Distributed Collectives

Hi! I am newer to pytorch and am working with the distributed package.

I am trying to implement some parallelism functionalities but am running into some issues:

  • I want to partition/shard a tensor. I know there’s some things hardcoded in that I also need to figure out, but for some reason dist.scatter is incorrectly producing [[1][3]] and [[2][3]] instead of [[1][3]] and [[2][4]]:
if local_rank == 0:
    weight = torch.tensor([[1, 2], [3, 4]], dtype=torch.float32).cuda(local_rank)
else:
    weight = None

world_size = dist.get_world_size(m_view_2)
chunks = None
if local_rank == 0:
    chunks = list(torch.chunk(weight, world_size, dim=1))

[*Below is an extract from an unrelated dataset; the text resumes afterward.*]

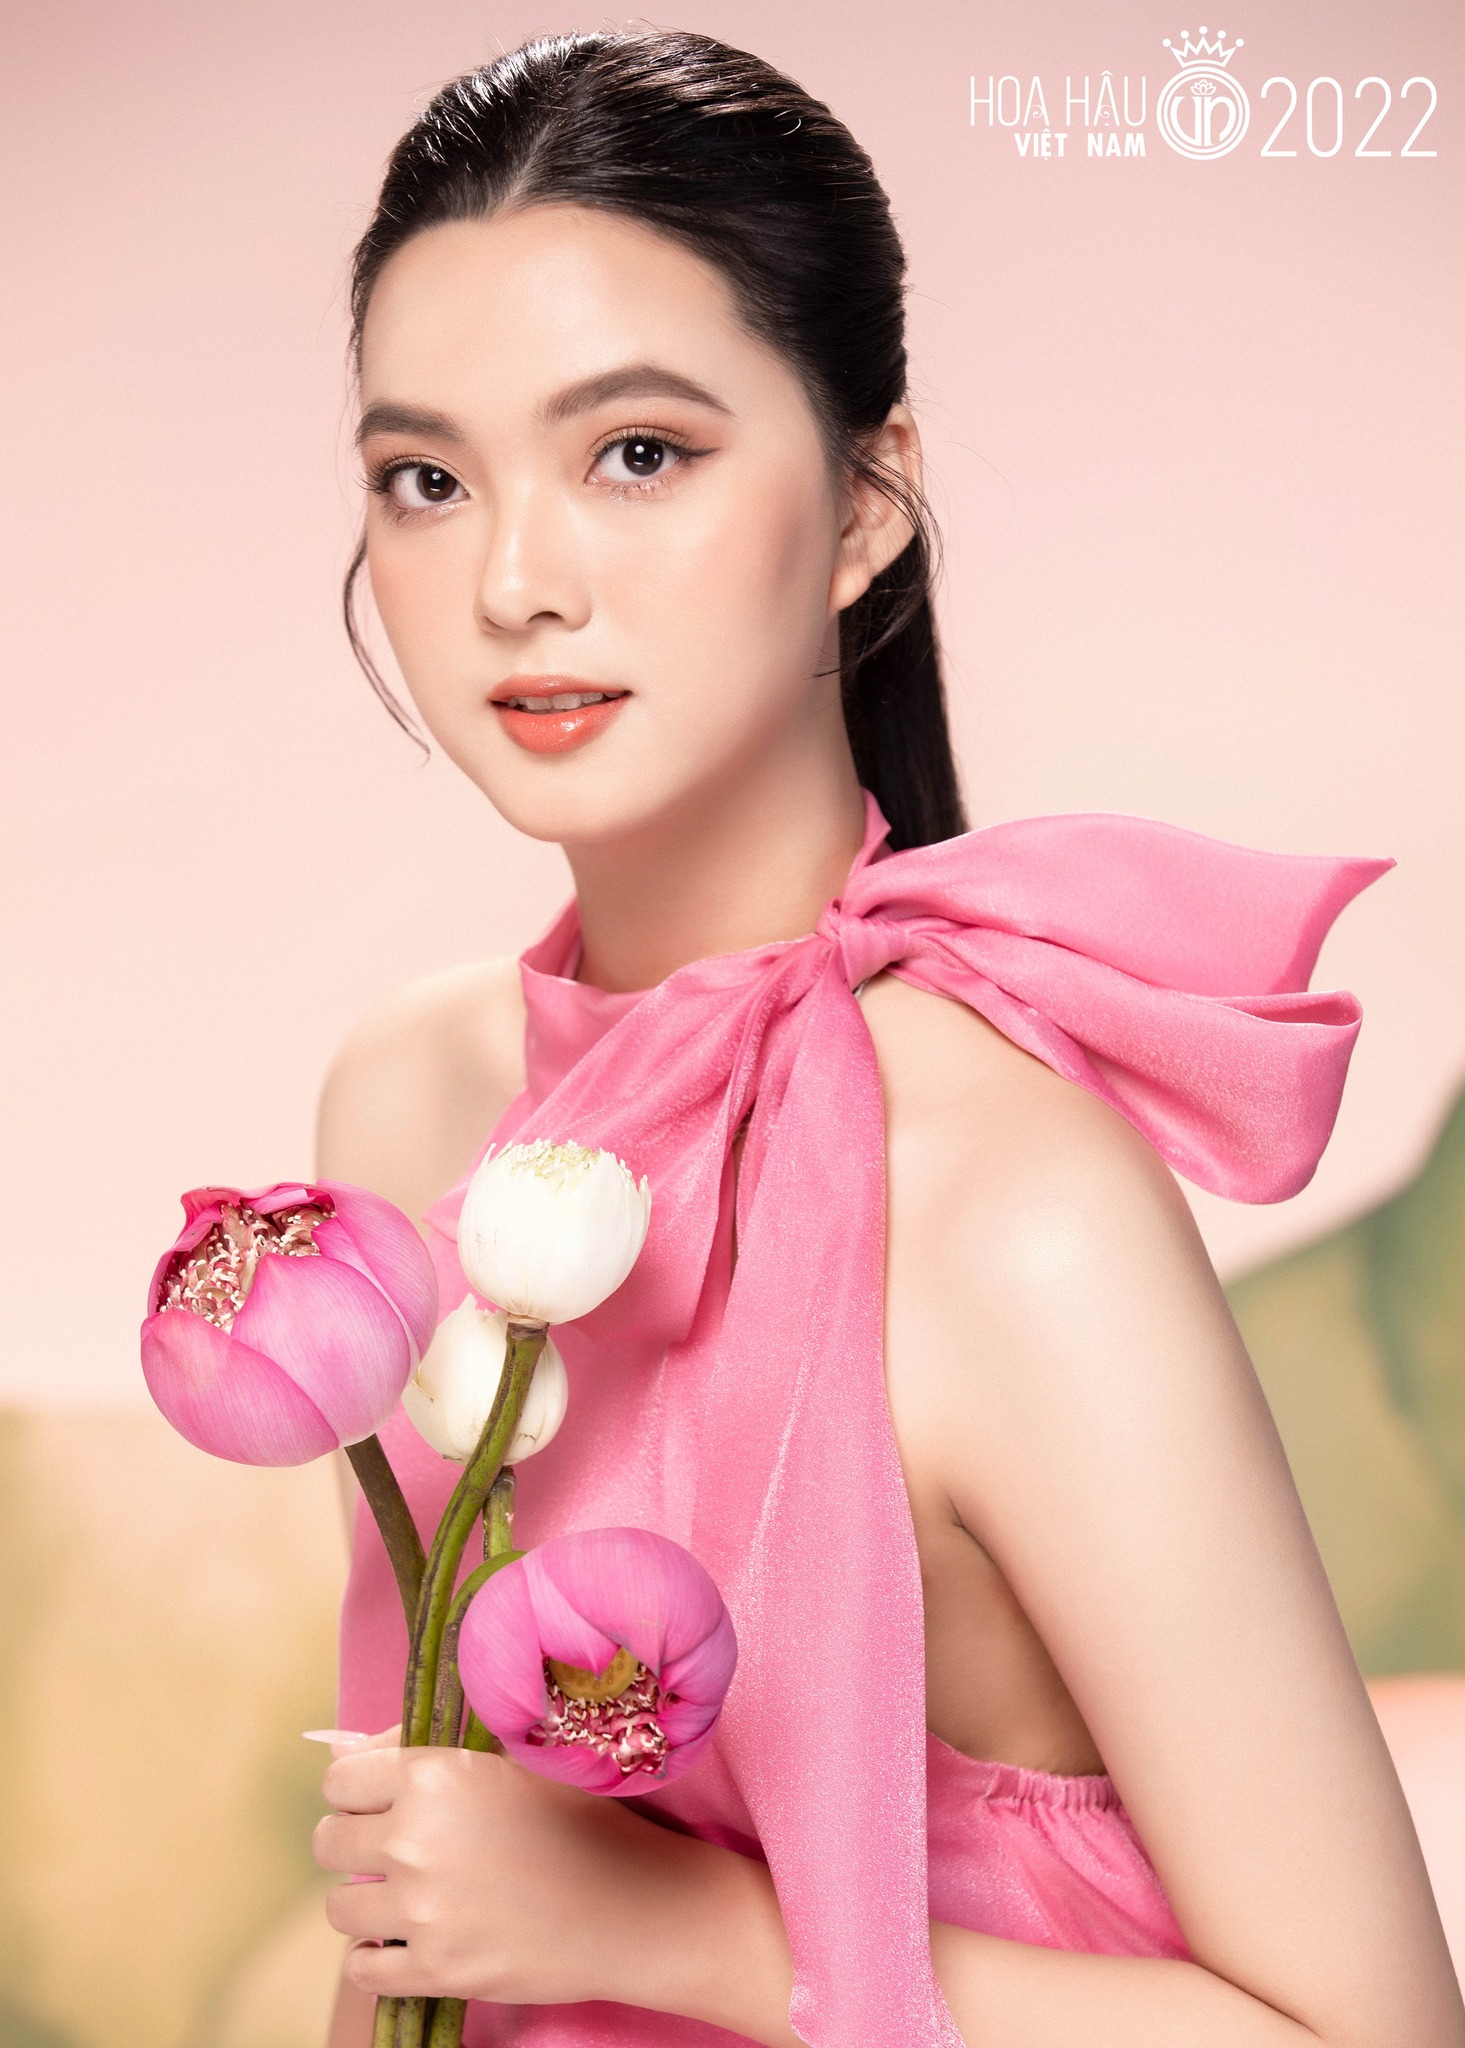 Ngất ngây với vẻ đẹp cô gái Quảng Nam tuổi đôi mươi là ứng viên hot cho Hoa hậu Việt Nam - 1

part_tensor = torch.empty((2, 1), dtype=torch.float32).cuda(local_rank) # need to figure out how to dynamically get shape

dist.scatter(part_tensor, scatter_list=chunks, src=0, group=m_view_2, async_op=False)

On a more general note, what i am trying to do is to take in a sequence of operations and execute those operations. For example:

  • partition input tensor across devices 0 and 1
  • replicate weights across devices 0 and 1
  • multiply input tensor and weight
  • reduce the results onto device 0
  • replicate the result across devices 0 and 1

I know there are some libraries out there that would make what I am outlining relatively simple, but my goal here is to be more explicit with each individual step instead of something like an all_reduce, etc. Not sure if anyone has thoughts on how I should approach this and any considerations I should probably have with it (async vs sync operations is something I likely have to be mindful of).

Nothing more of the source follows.